_Your objective_. The lines from the one holding "Pawn Black Chess" through the end of the records below are to be written out exactly, and nothing else; pictures are to be left out.

** Opening Given records block **

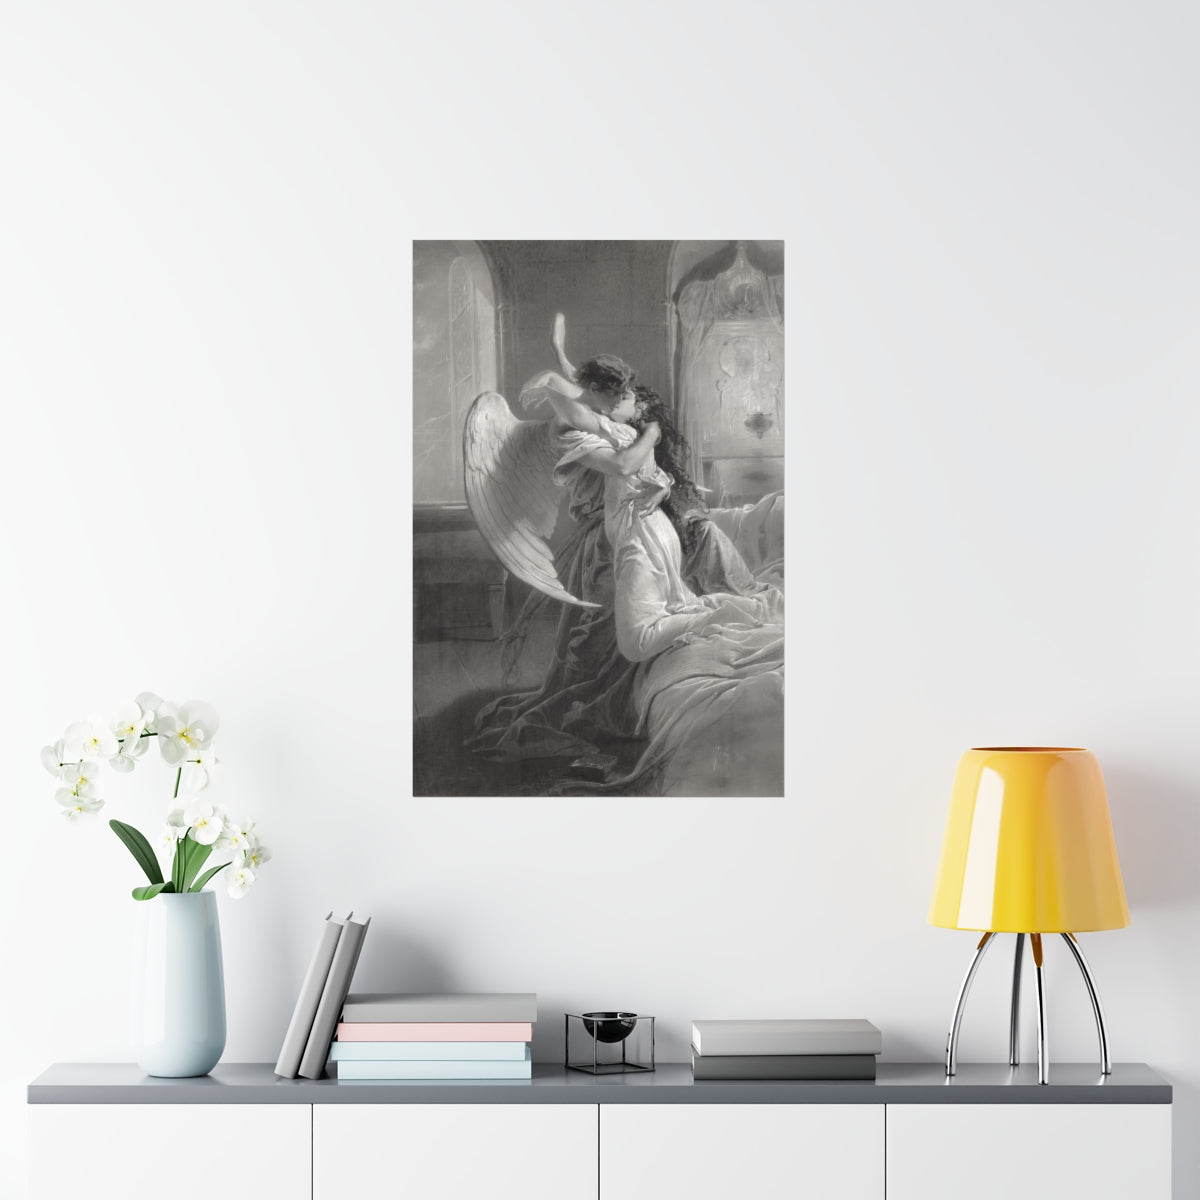 Mihaly Von Zichy | Romantic Encounter | Angel Kiss Print Poster
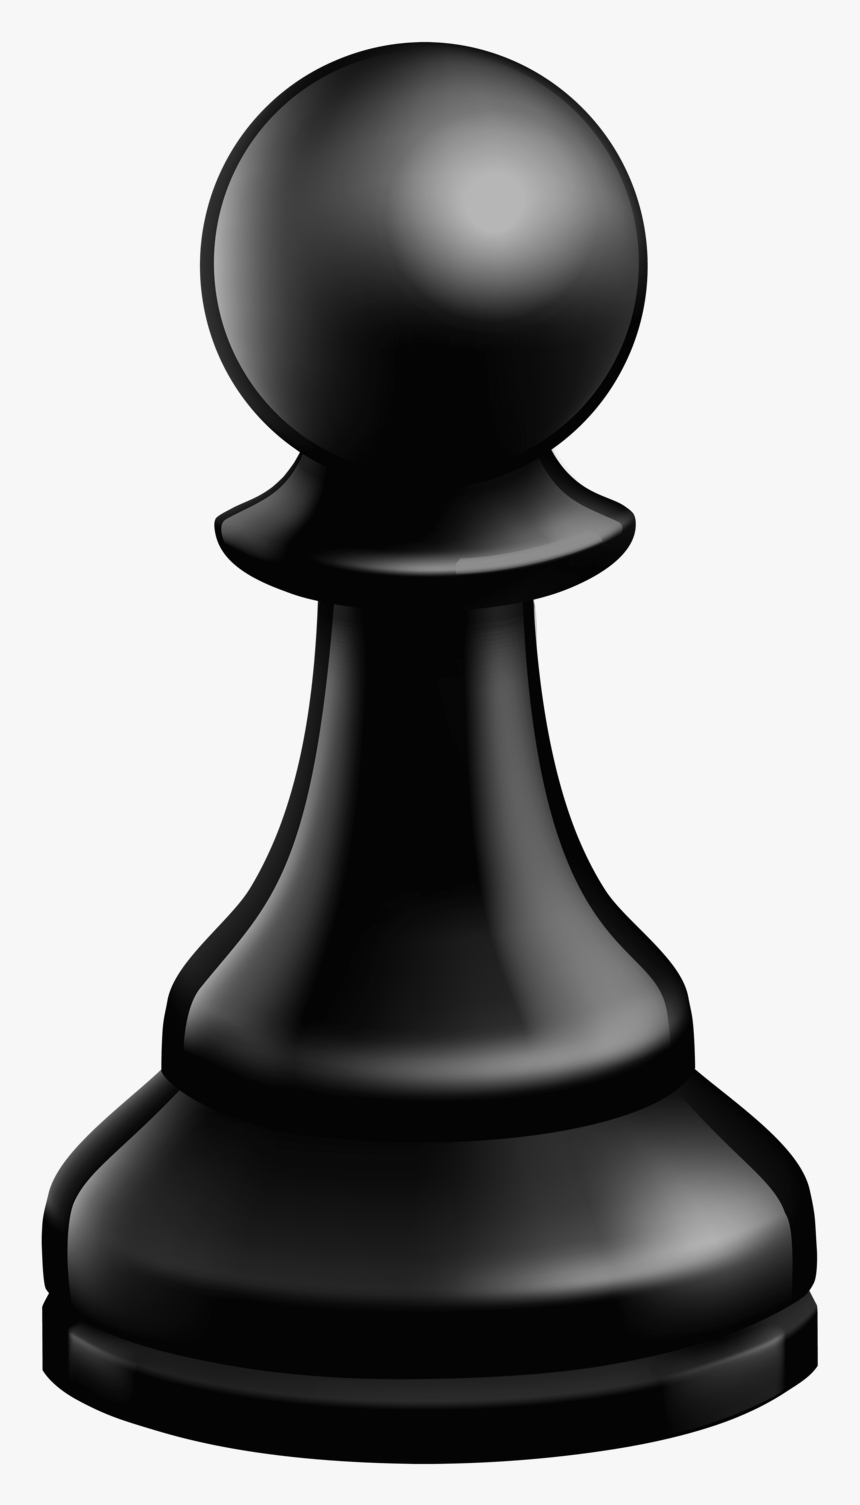 Pawn Black Chess Piece - Transparent Background Chess Pieces Clipart, HD Png Download, Free Download
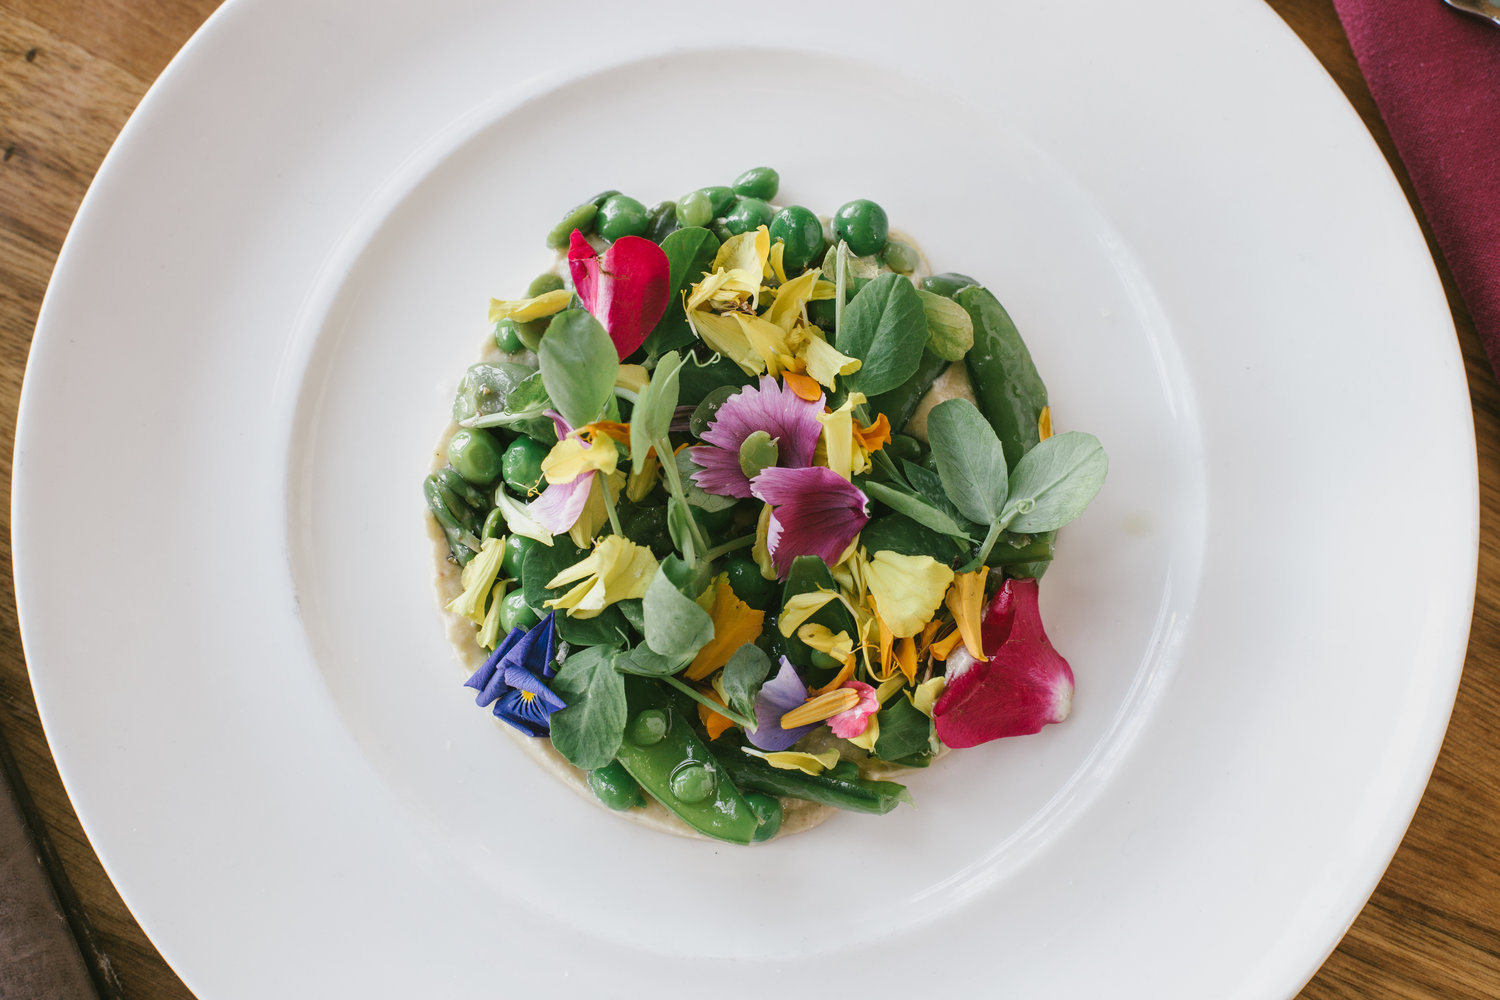 The spring pea crudité with fava beans, summer squash and sunflower baba ghanoush.
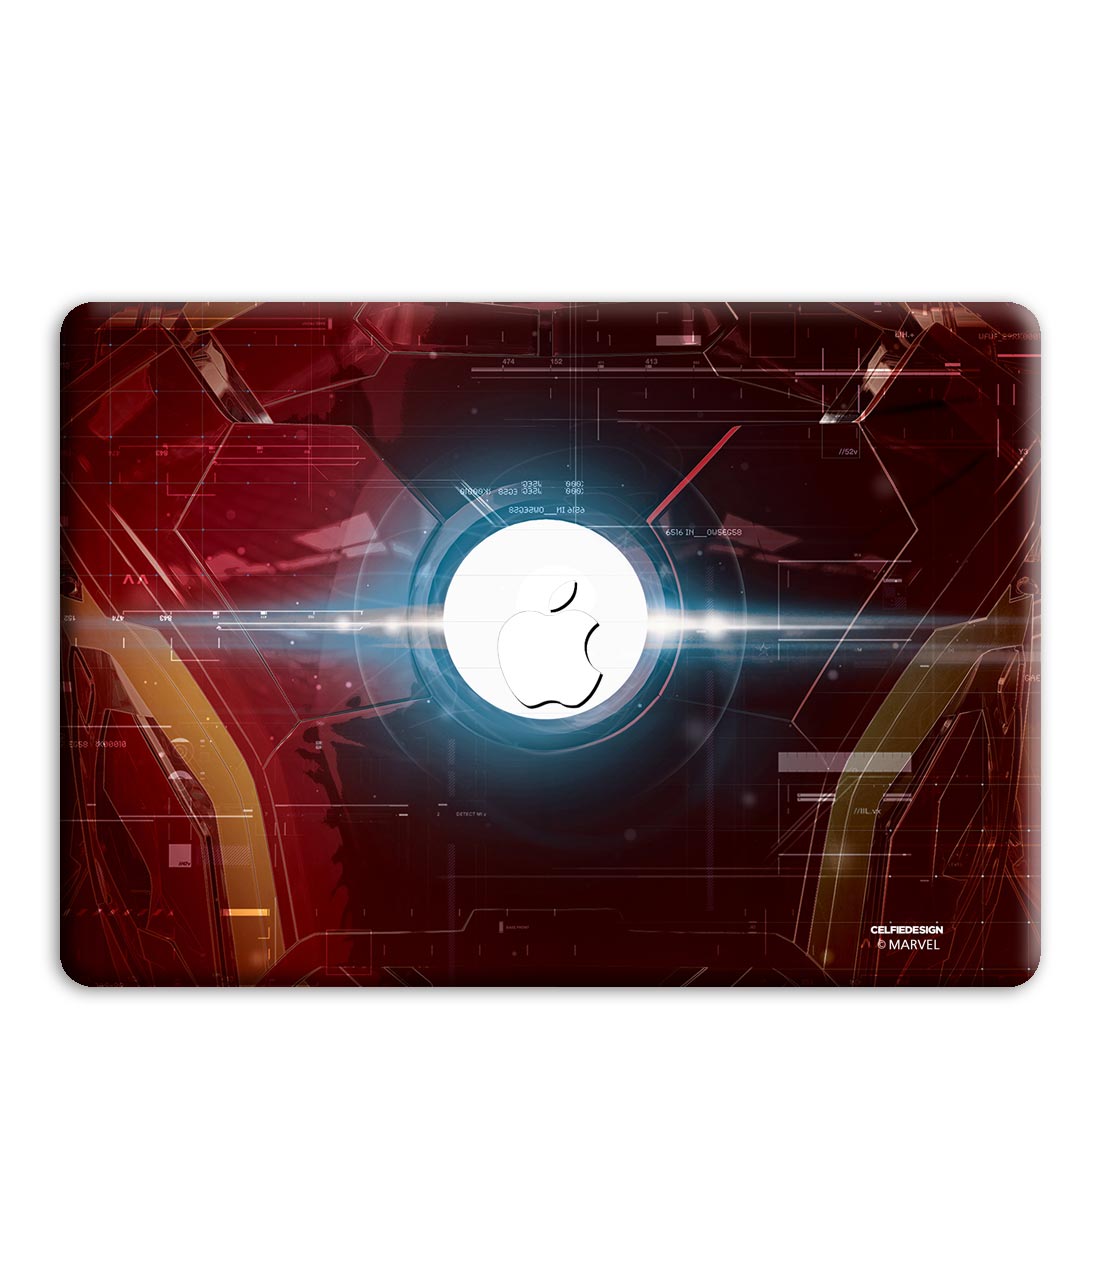 Suit of Armour - Skins for Macbook Air 13" (2012-2017)
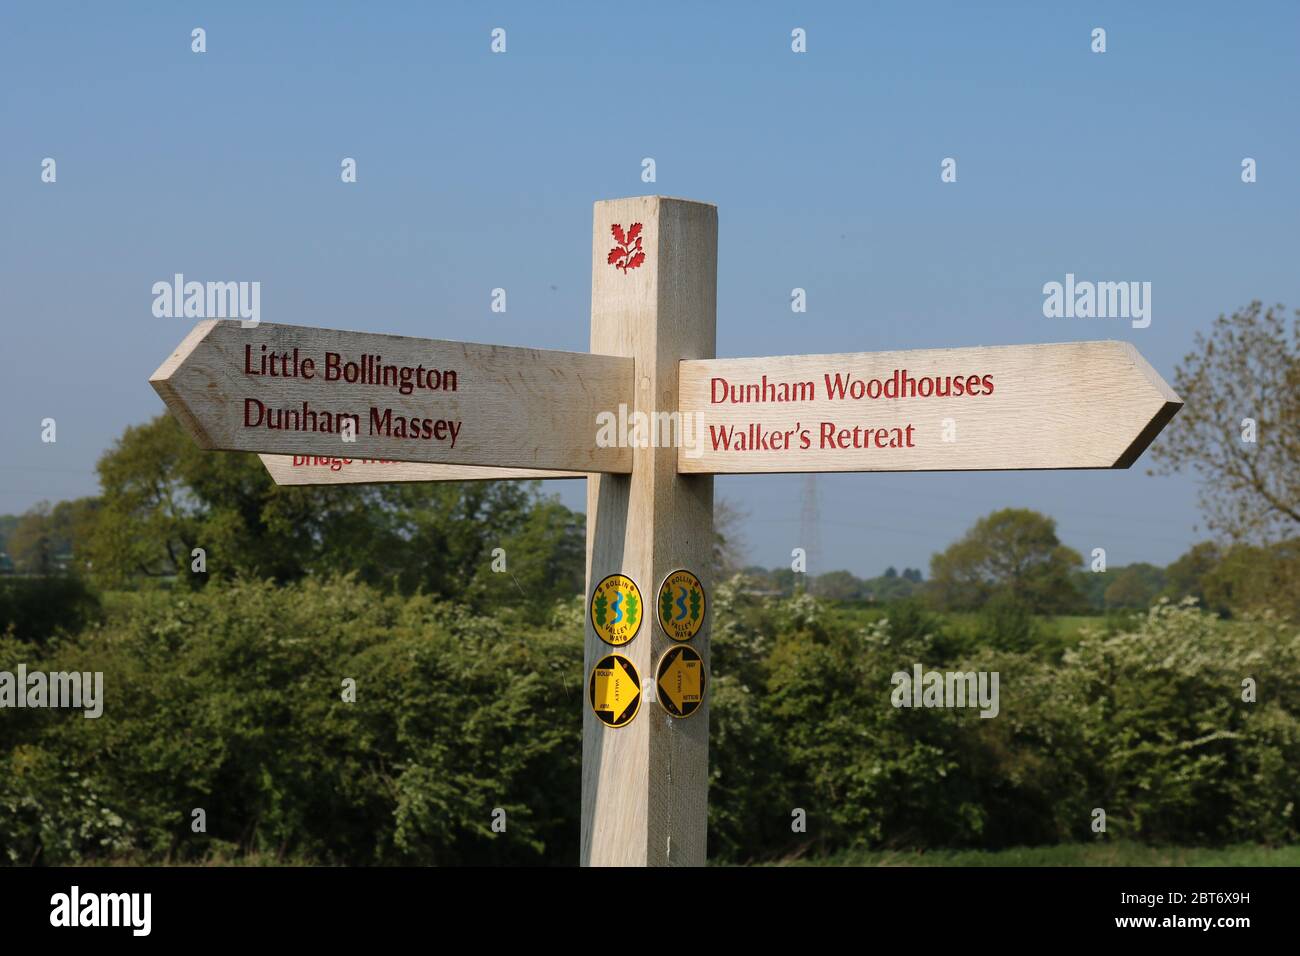 National Trust Wooden signpost showing directions to Little Bollington, Dunham Massey, and Dunham Woodhouses  with symbols for the Bollin Way Stock Photo

** Closing Given records block **

_Answer for this exercise_.
 Pawn Black Chess Piece - Transparent Background Chess Pieces Clipart, HD Png Download, Free Download
 The spring pea crudité with fava beans, summer squash and sunflower baba ghanoush.
 Suit of Armour - Skins for Macbook Air 13" (2012-2017)
 National Trust Wooden signpost showing directions to Little Bollington, Dunham Massey, and Dunham Woodhouses  with symbols for the Bollin Way Stock Photo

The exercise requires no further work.